■ Required work ■
From the line that contains "Espai TIC, a" to the last line of the data below, transcribe every line exactly. Do not include the pictures.

■ Information provided ■
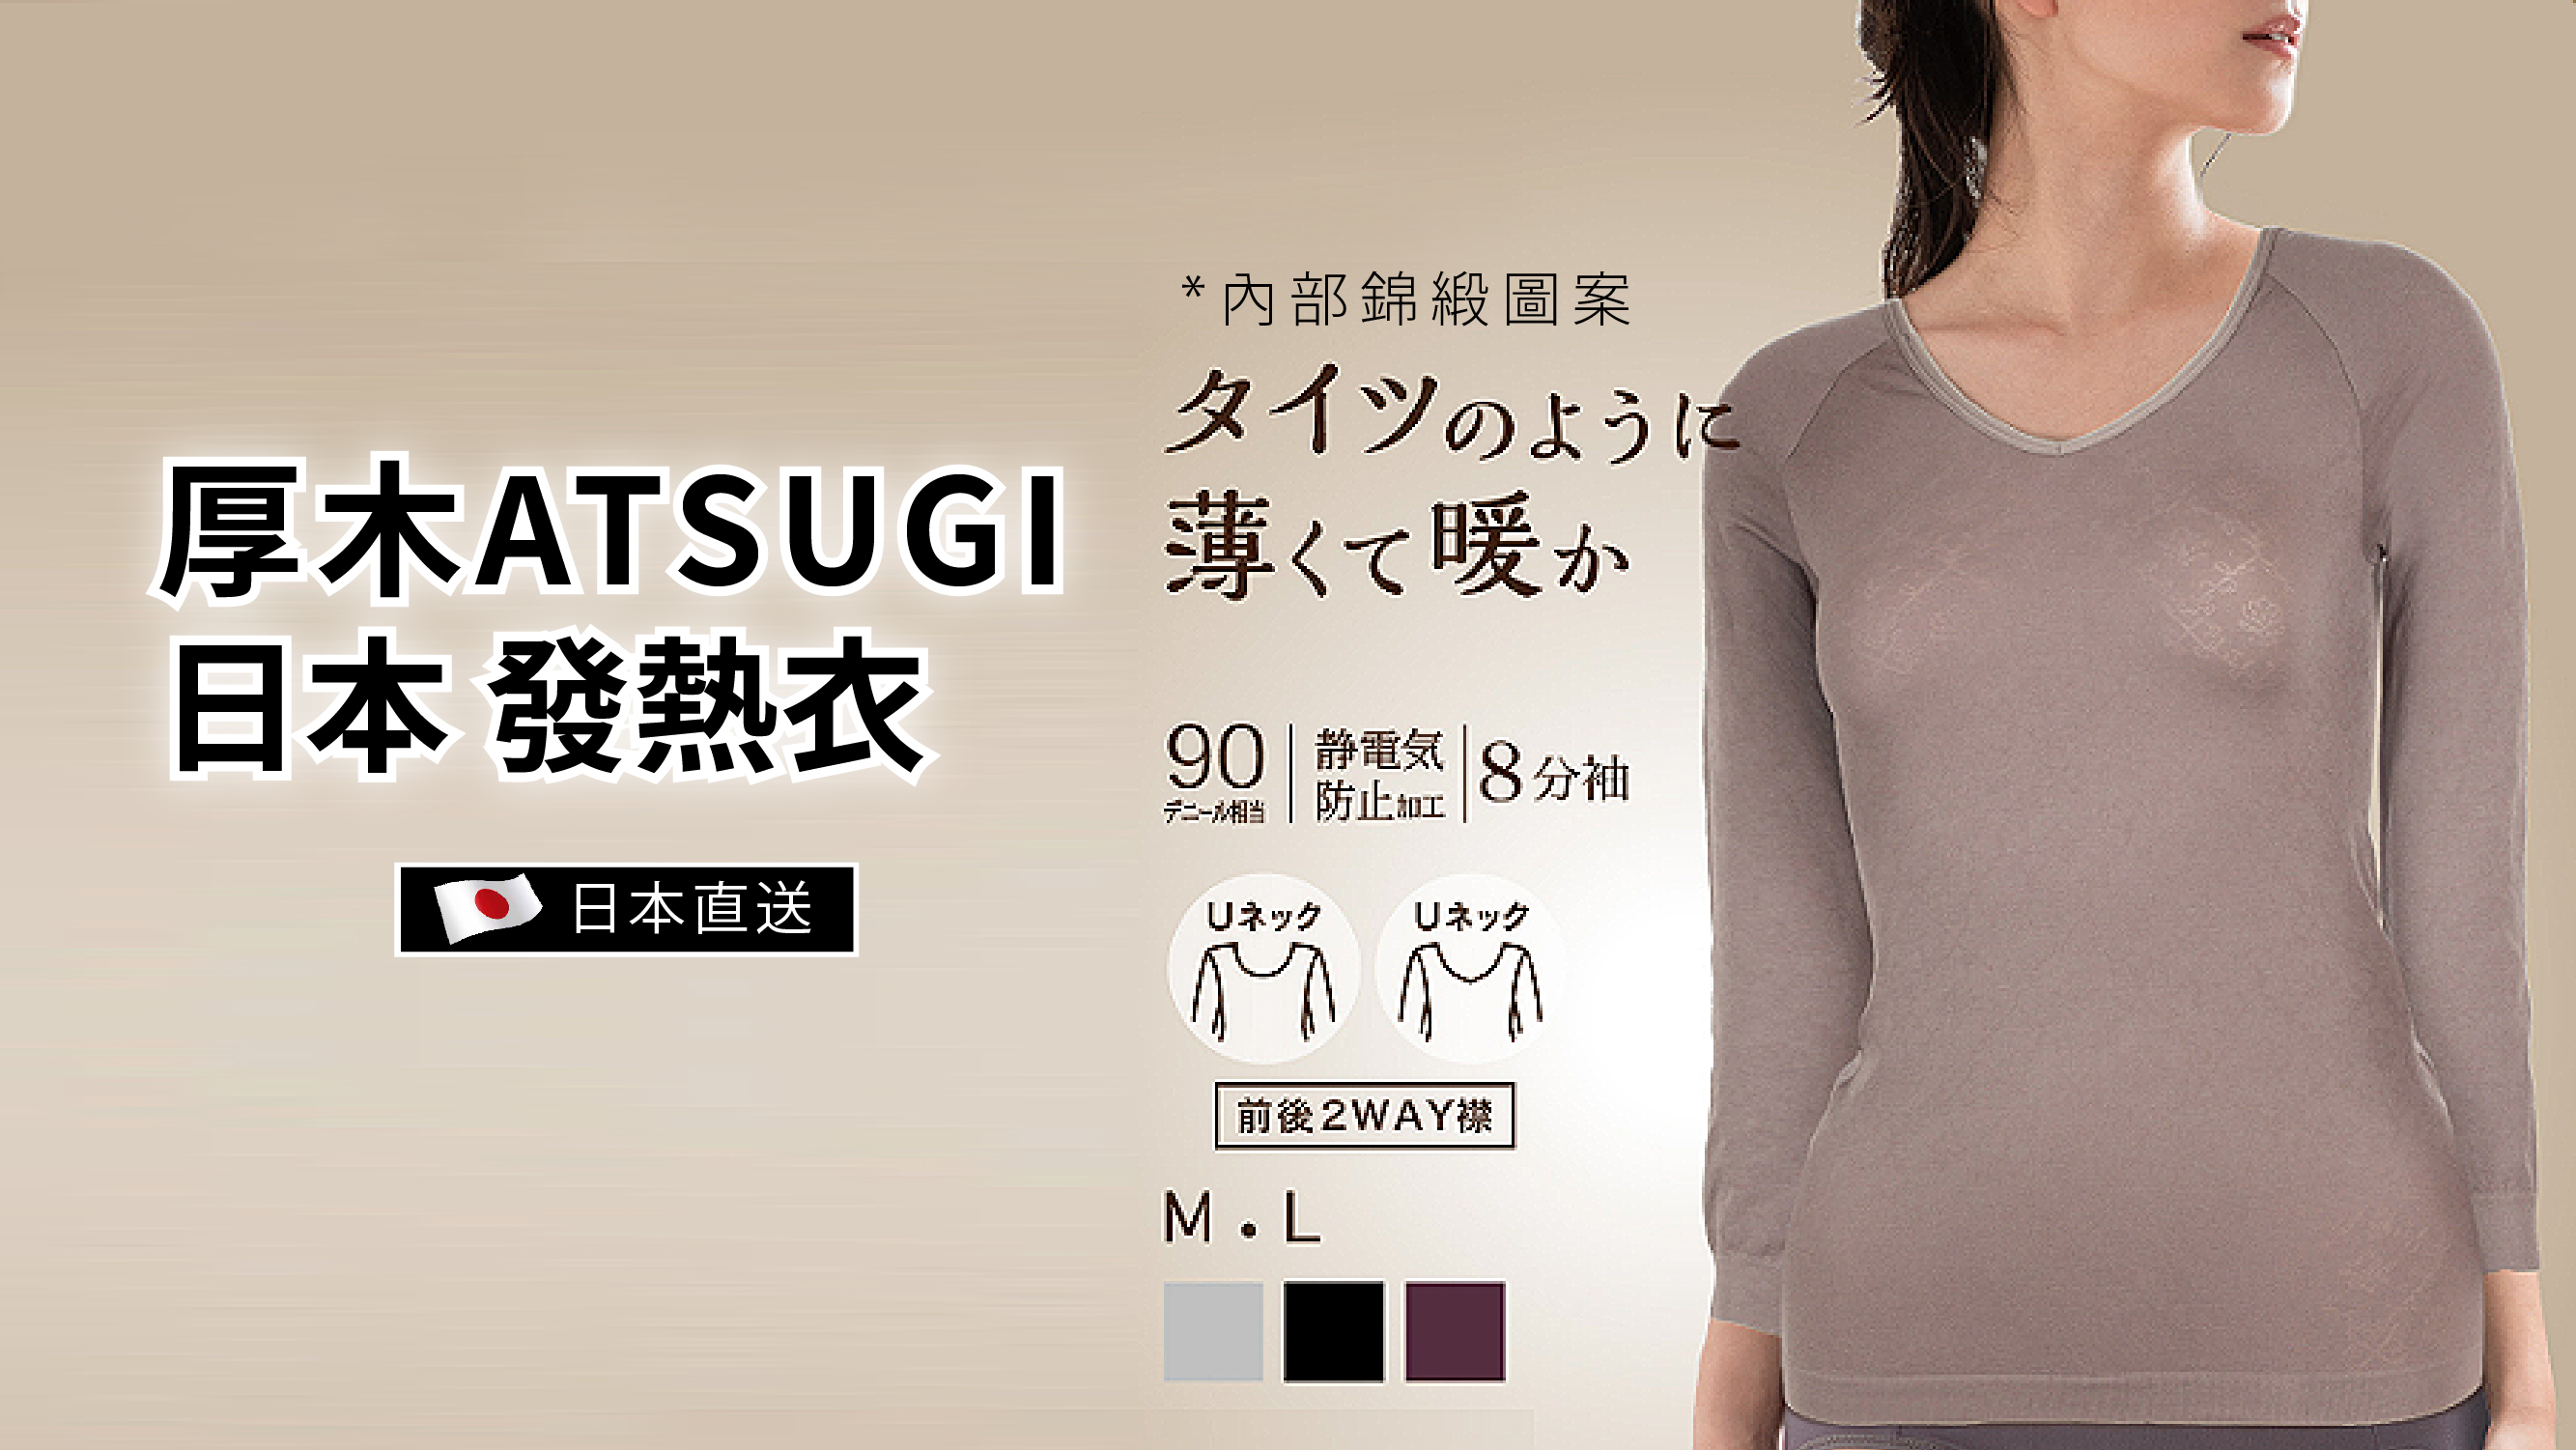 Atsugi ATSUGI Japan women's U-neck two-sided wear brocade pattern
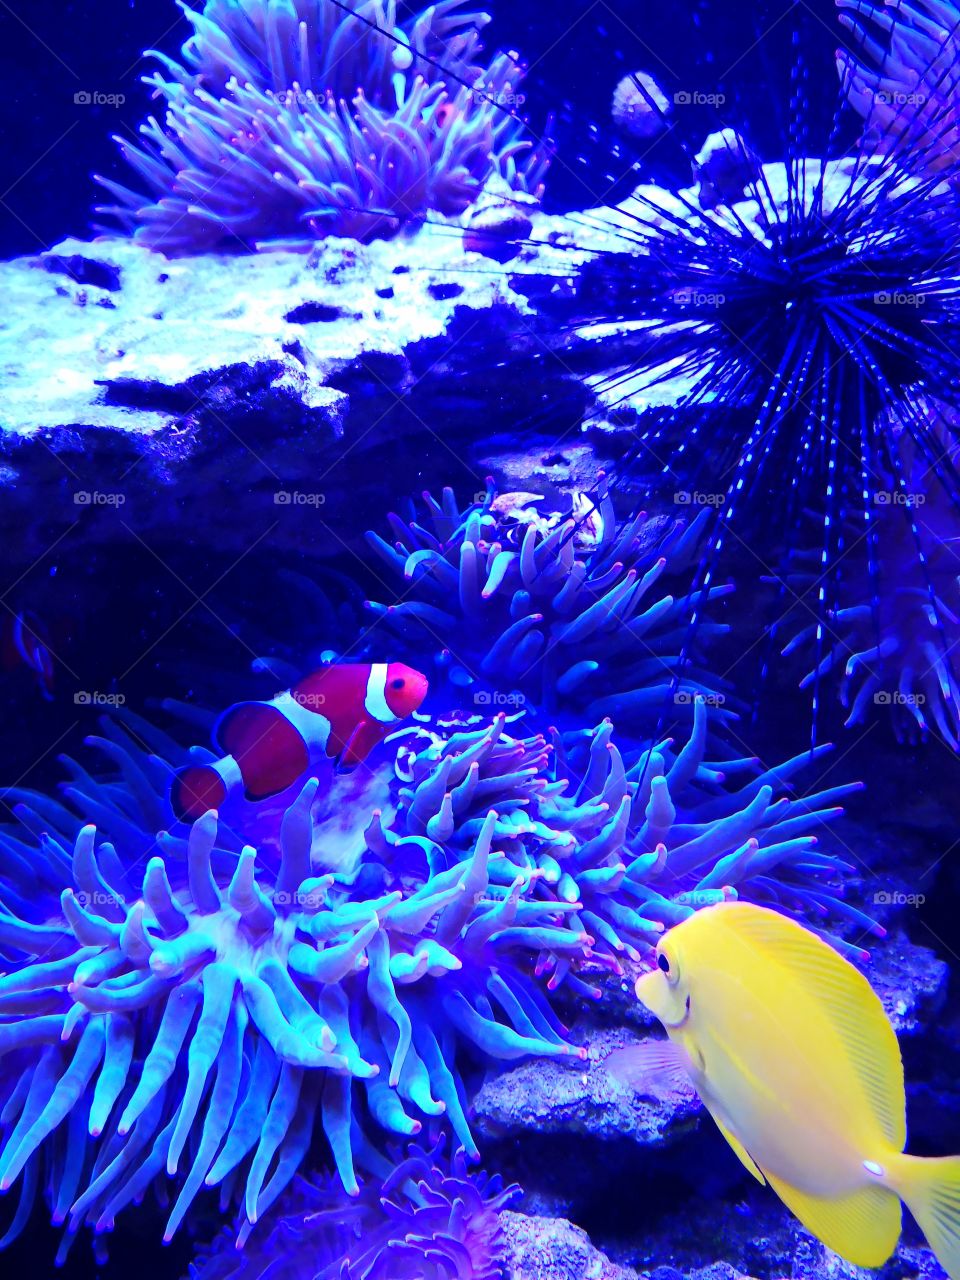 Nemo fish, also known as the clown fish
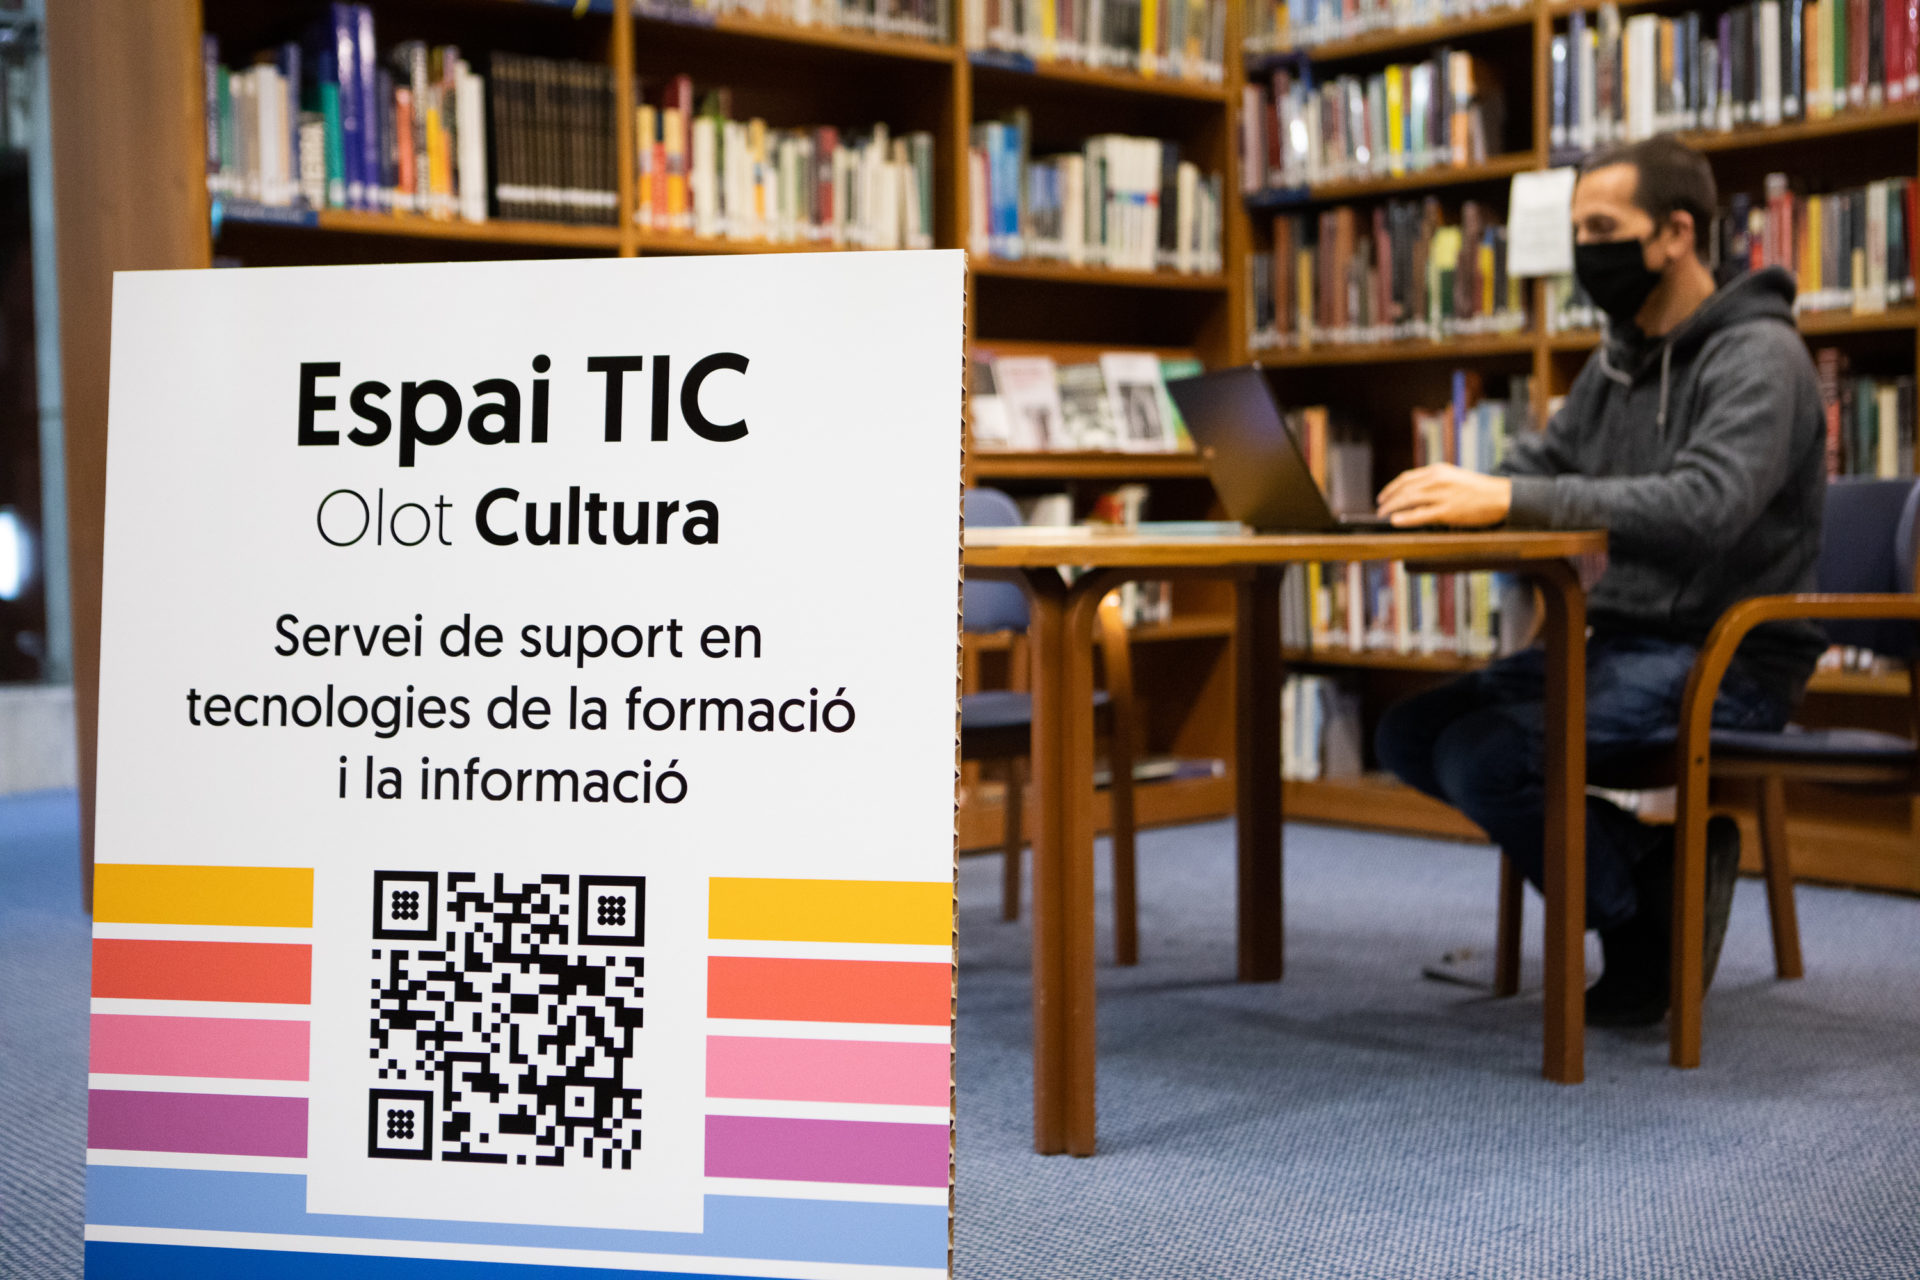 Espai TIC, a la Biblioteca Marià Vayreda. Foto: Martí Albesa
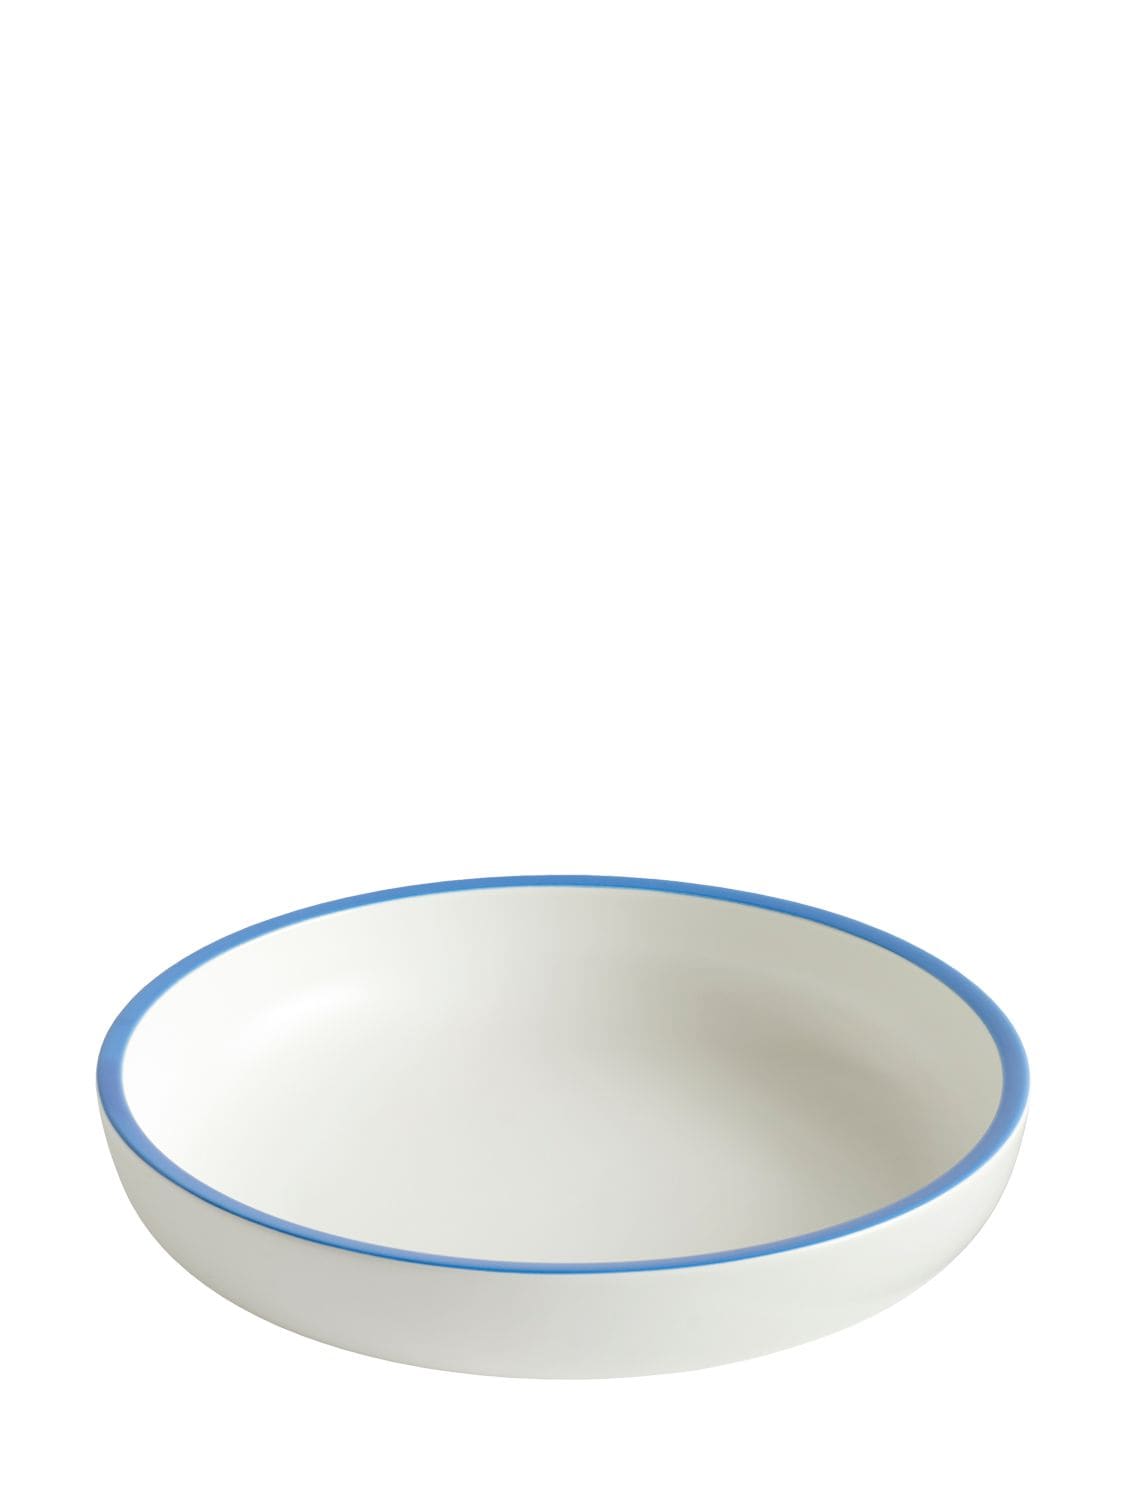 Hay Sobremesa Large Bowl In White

■ Completed exercise ■
 Espai TIC, a la Biblioteca Marià Vayreda. Foto: Martí Albesa
 Hay Sobremesa Large Bowl In White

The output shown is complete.